Platte, South Dakota  |  October, 24, 2013 at 01:33 PM

Hey Jessica, I am enjoying your blogs! Keep those smiles coming? And yes, I used to be a teacher. Here are a few things to think about in making your dairy more sustainable – and profitable. - PUSHING MANURE takes lot of work and doesn’t keep the barn clean between milking. Have you considered hourly flushing? Flushing is less expensive, keeps the barn cleaner and prevents hairy wart. Flushing can be done with recycled “safe-water” if the lagoon is stirred continuously. Search for "Oak Lane - Eight Row” to see a barn automatically clean itself. - STORING MANURE in a lagoon without stirring lets a lot of nitrogen escape. "If you can smell it, you're losing money!" Your crops need that N-nitrogen to take up P-phosphorous the cows produce. Continuing to apply low nitrogen manure, fields can become unbalanced. - PUMPING requires agitation to remix solids and liquid. Agitation costs fuel and tractor hours. Continuous lagoon circulation is a cheaper way to avoid agitation costs – and eliminate odor. - HAULING onto fields with manure tankers is more costly than spreading with travelling guns or pivots. Hauling compacts soils to reduce yields up to 30% especially for alfalfa. - INJECTION OR KINFING raw manure will also severely degrade soil fertility by stealing oxygen from the soil and killing the microbial matrix which needs oxygen to survive. - NUTRIENT APPLICATION in spring or fall is not the best practice. Did you know that fertigating during summer when plants need nutrients most will increase crop yields by 20%. And summer fertigation avoids environment risk from leaching and runoff. Well, that is a lot to think about all at once. Until next time, keep up the great blogging

Dr Dan    
Ohio  |  October, 24, 2013 at 02:35 PM

Yiu comments are presented as absolute. There are a number of them that are very debatable

Real World Dairy Farmer    
USA  |  October, 24, 2013 at 02:46 PM

The above comments sound like an unsolicited sales pitch... Ugh. Nothing worse than a preachy sales man... There are so many ways to farm correctly, no farm deals with the exact same geography or logistics, making one-size-fits-all sales pitches off-putting. From what I can see, the Modern Farm Wife's DM is doing a GREAT job. And, thanks by the way for the blog- I'm enjoying it immensely (I look for it daily). Very relatable from both sides of the "farming fence". Thank you for the positive spin. I think that perspectives from folks such as yourself, being from the city, and now on the farm, carries a whole lot of credibility with the non-farming community. Again, thank you!

Dr Dan    
Ohio  |  October, 24, 2013 at 02:37 PM

Apologies, should read before posting : You

Wm F. Tooley "The Teach"    
Platte SD  |  October, 25, 2013 at 09:23 AM

Dr Dan, Thank you. That is why I posted. This debate needs to get going. New information form CIG demonstrations give us hope for better solutions.

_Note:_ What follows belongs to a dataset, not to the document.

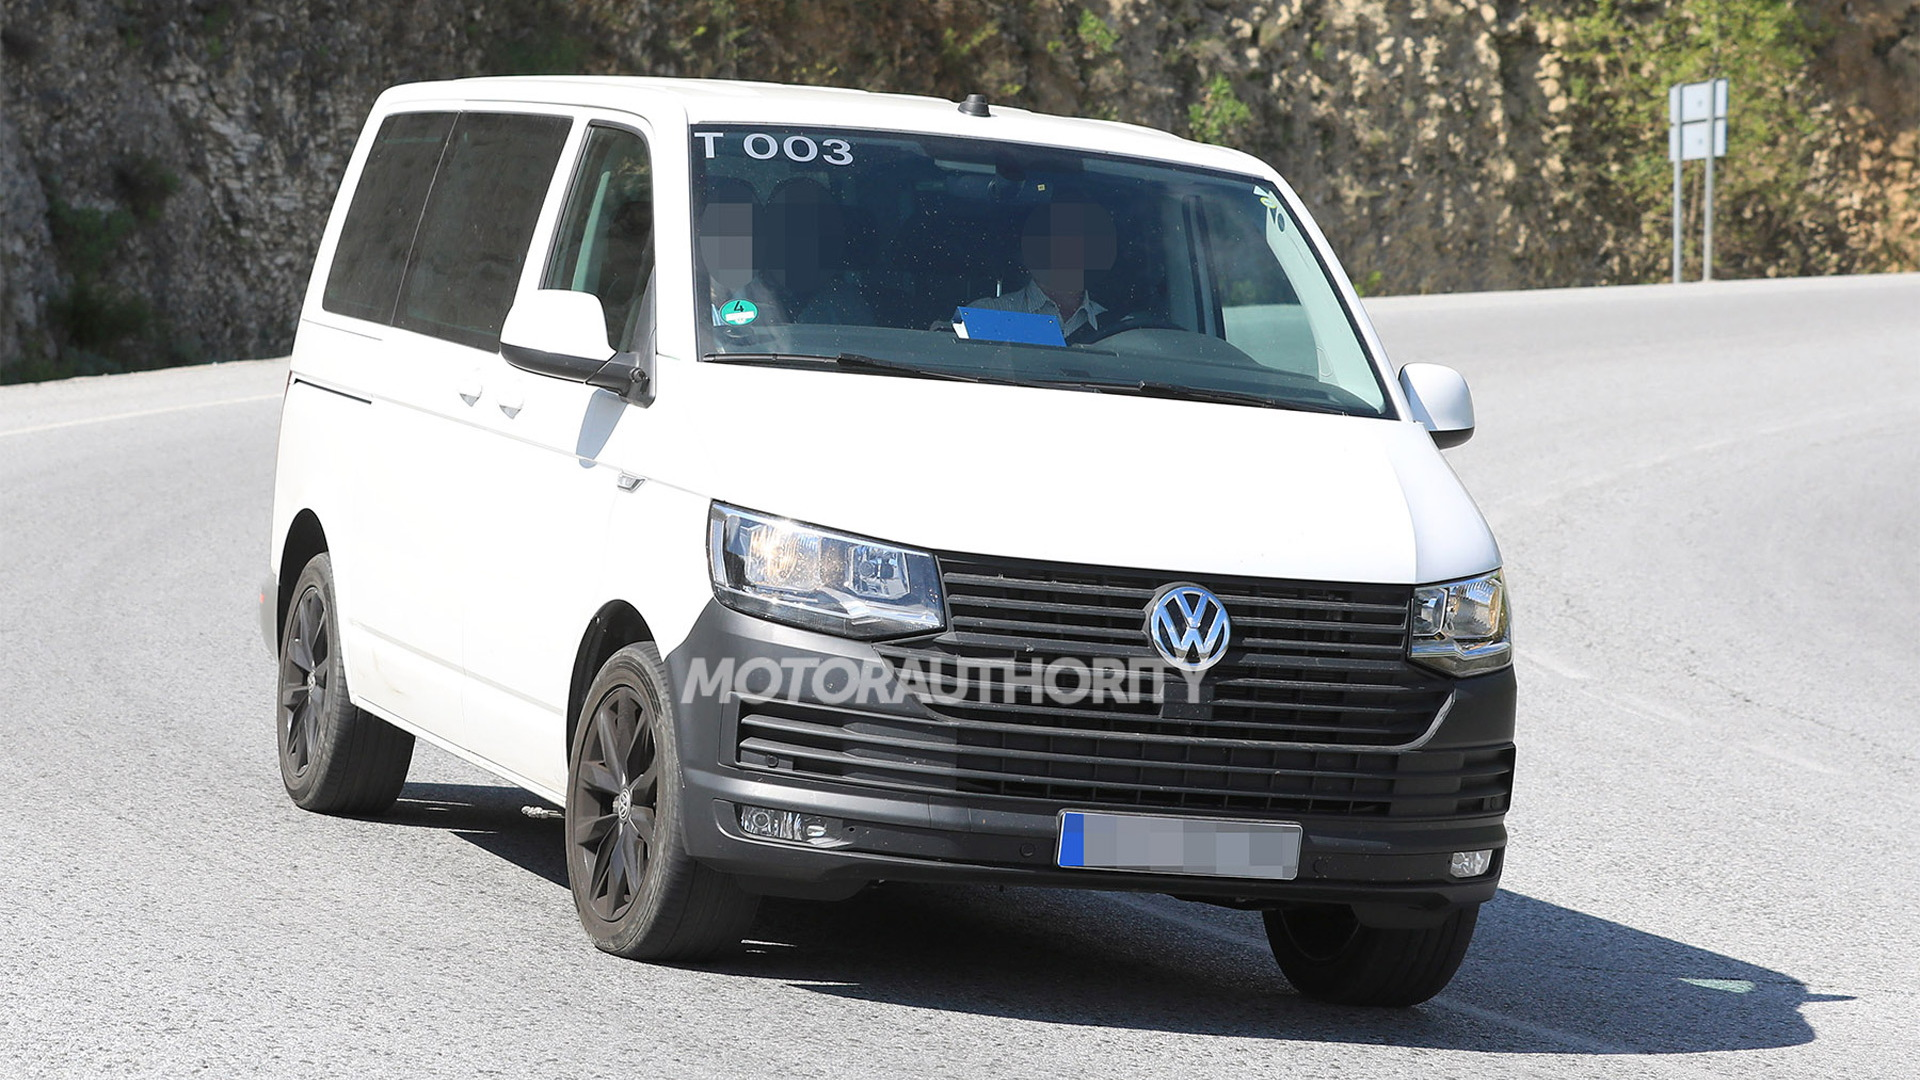 2020 Volkswagen Transporter (T7) test mule spy shots - Image via S. Baldauf/SB-Medien
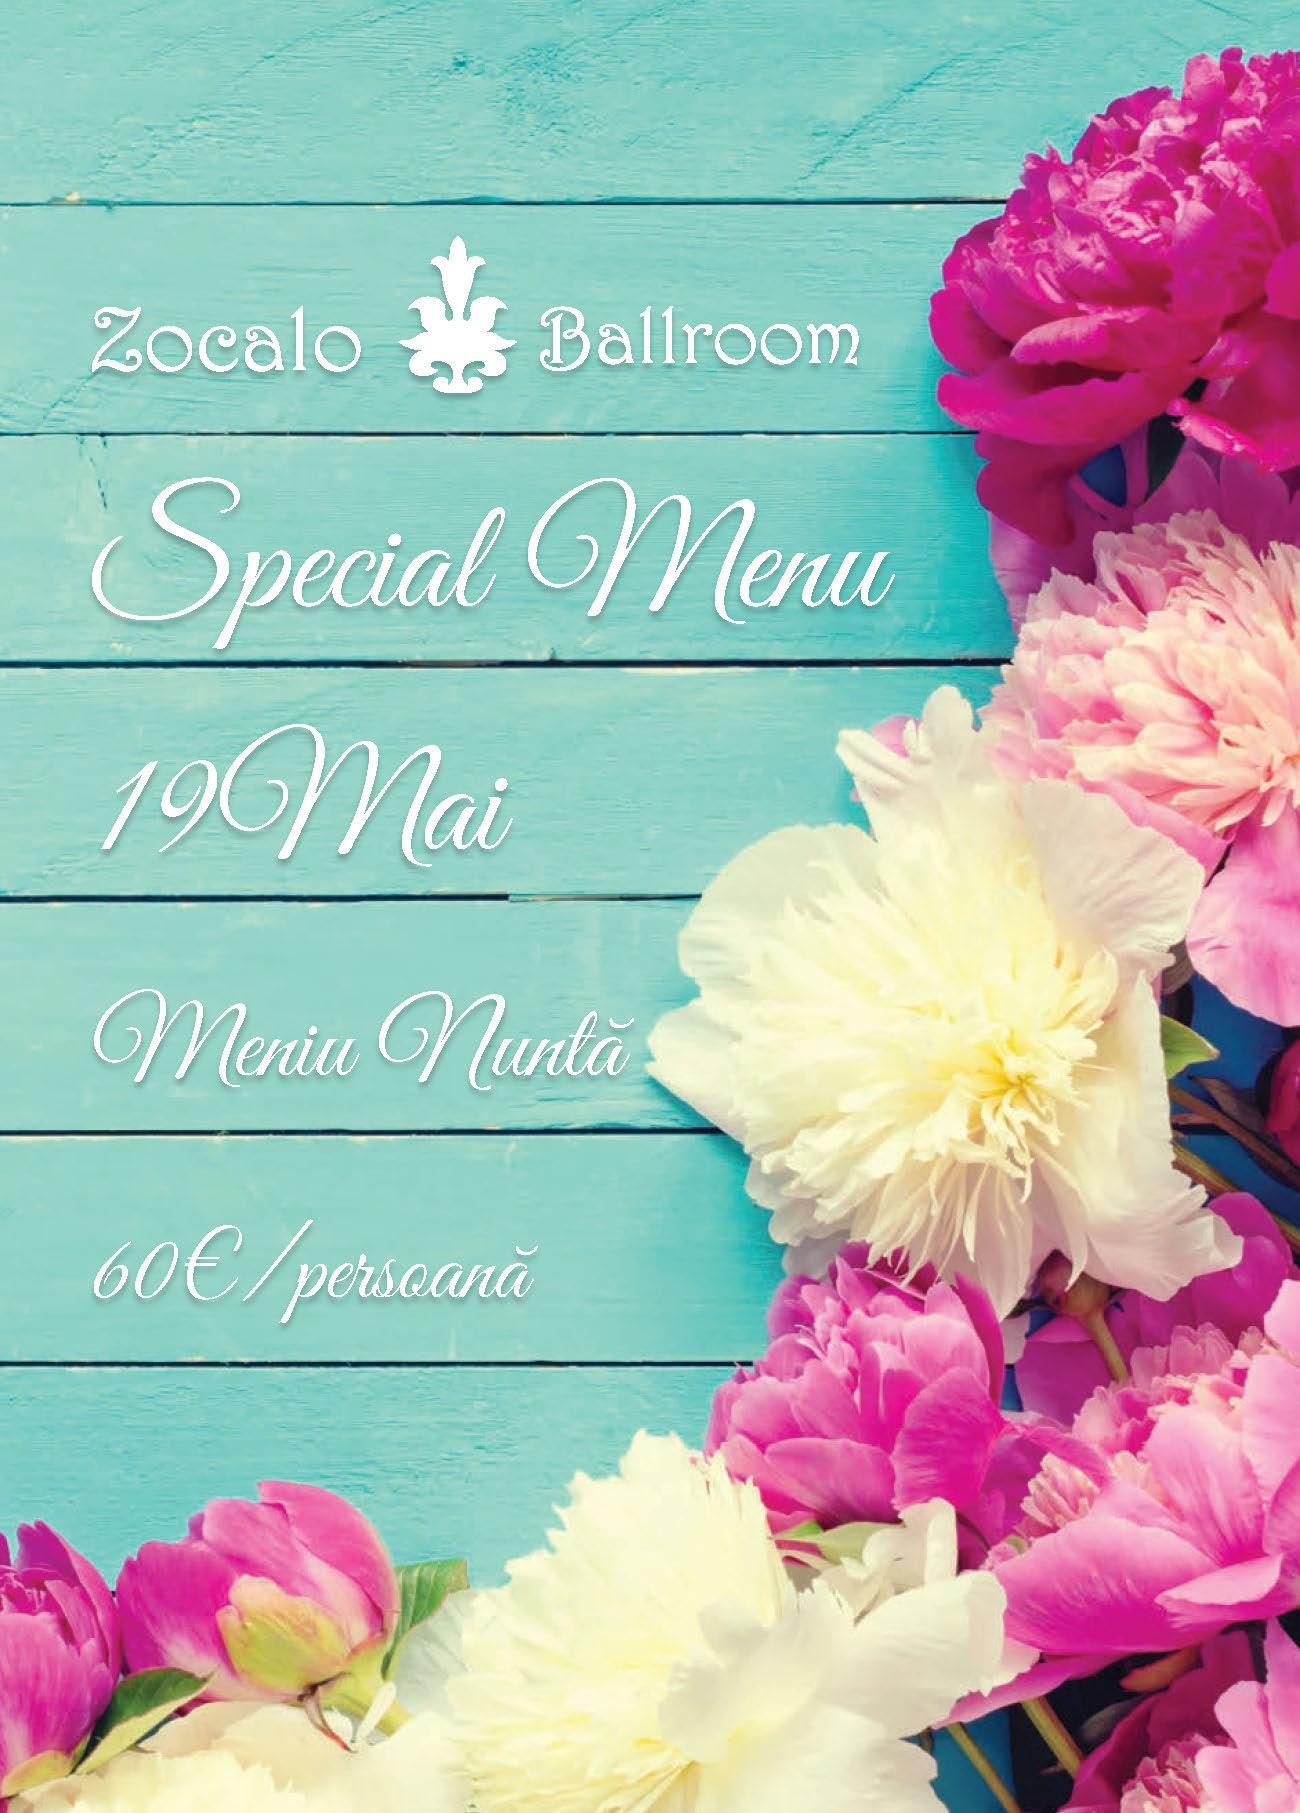 Oferta 19 mai nunta_Page_1

Wm F. Tooley "The Teach"    
Platte SD  |  October, 25, 2013 at 11:39 AM

Real World Dairy Farmer, Sorry if the comments above came off sounding preachy to you. And thanks for reminding us one size never fits all. So then here is a question. Why do most dairies end up doing almost the same things, in almost the same way, with nearly the same equipment? Obviously somebody “sold” them on the tools and methods they use today? Modern Farm Wife and her DM are doing a great job with the tools they have available. My comments above point out only six simple ways they could do better and they deserve the increased profits! So yes, I am selling something - learning. That is what a teacher does. We shouldn’t want to leave this world of dairy farming where we found it when I came in. There are better and more profitable ways of doing things today. The knowledge is freely available. It doesn’t cost anything, just learning. The way we have done things all our life, may not be the way we want to do it – or will be allowed to continue – in the real world of dairy farming in the future. Everything changes. Best regards.